Ok, maybe the retired Pierluigi Collina is the exception to the rule.
But other than the legendary Italian, football fans have very little respect for referees.
No matter who you support, you always think that certain refs are biased against your favourite side despite them having no allegiances whatsoever.
When an official first joins the Premier League they “must declare who they support and their backgrounds are routinely checked, including addresses, by the Professional Game Match Officials Limited (PGMOL) to prevent any bias.”
So when the Premier League announced that Manchester-born official Anthony Taylor will take charge of the Manchester derby on Sunday, it caused a massive stir.
Taylor was born in Wythenshawe, just six miles from Old Trafford and his family are believed to be season ticket holders at Manchester United.
However, Taylor has insisted he is an Altrincham FC fan, rather than a United fan.
That enables him to be able to Man Utd matches.
But it’s a story than some football fans simply don’t believe - especially Man City supporters - and they believe that Taylor has allegiances to Man Utd.

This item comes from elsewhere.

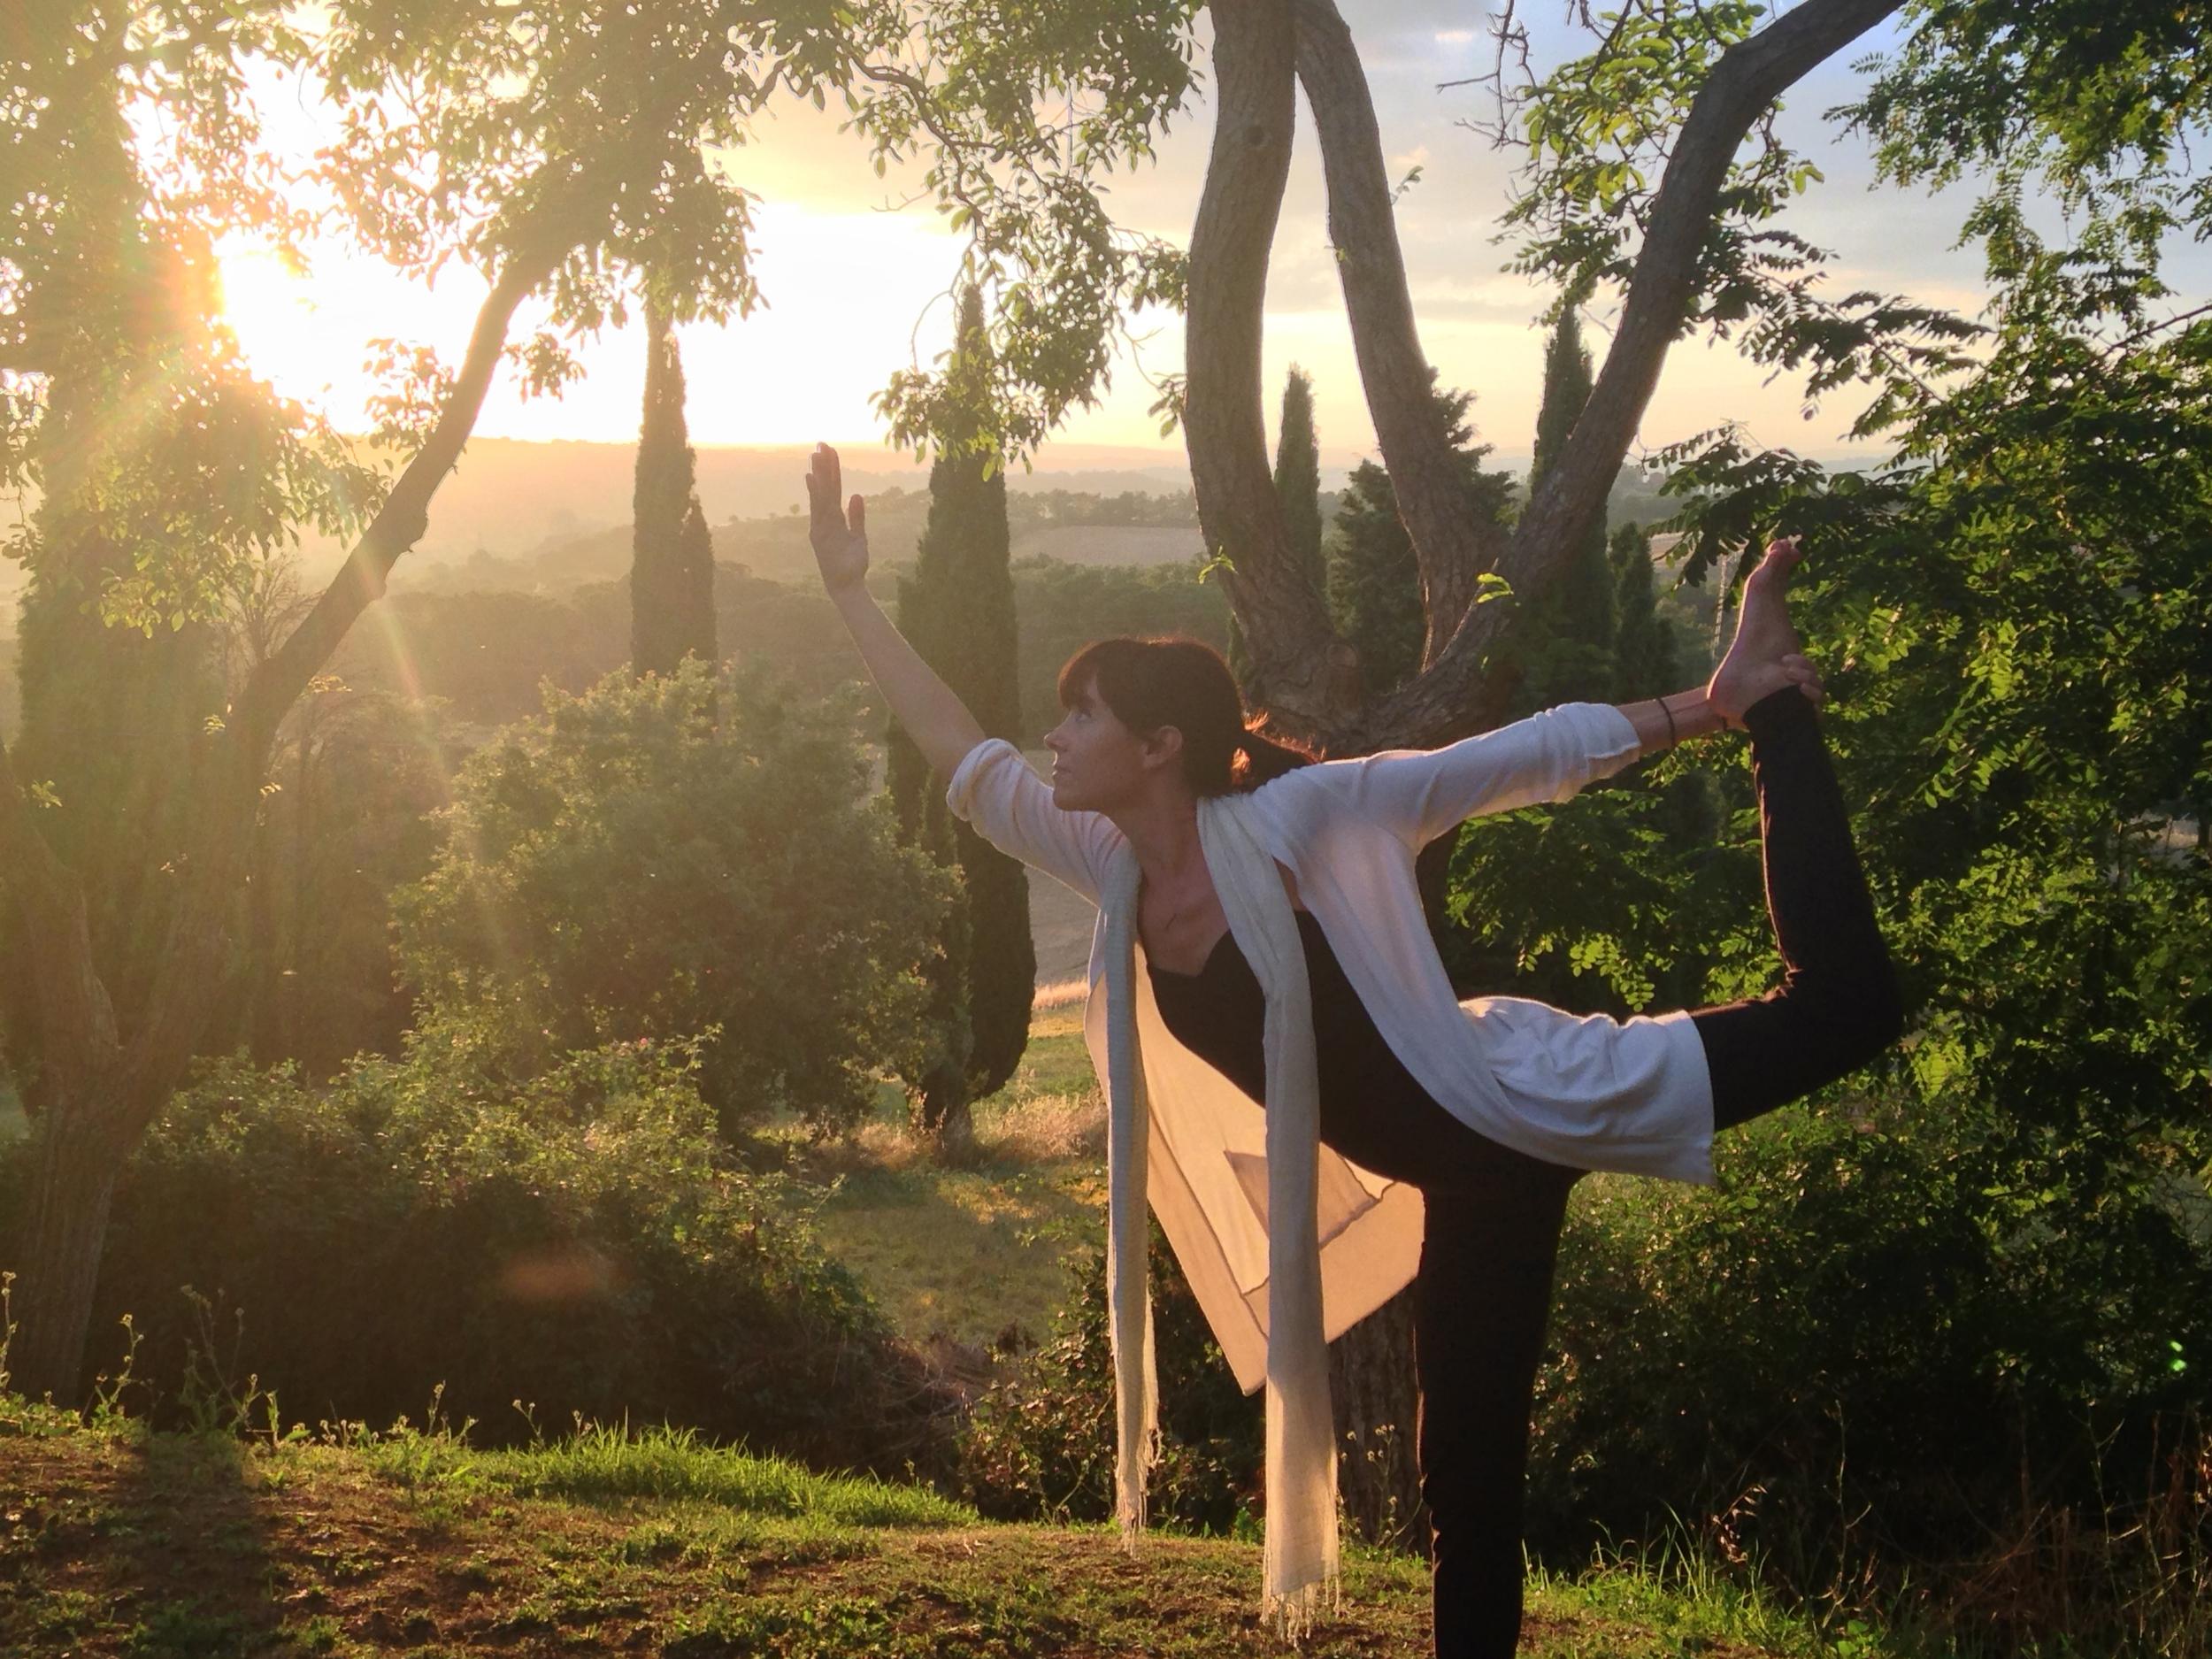 Yoga teacher Erin Lewis EAT.PRAY.MOVE Yoga Retreats | Tuscany, Italy

FANS ARE CONVINCED TAYLOR IS A MAN UTD FAN
Check out the reaction on social media:
You can’t blame City fans for questioning the appointment but is a top-level Premier League referee really going to risk his job and be biased?
It’s highly unlikely.
But the appointment does seem odd, especially considering what Keith Hackett said last year.
"At the beginning of every season the referees' background information is audited," said Hackett, the former head of PGMOL.
"They complete a form that includes who they support, the history of if they've played the game and with the addresses where they are residing.
"That gives you a picture that comes into use when you're appointing. It's about ensuring, for example, you wouldn't appoint a Sheffield-based ref for a Sheffield team."
Let’s just hope we’ll all be talking about the pulsating Manchester derby come Sunday evening, rather than the officiating.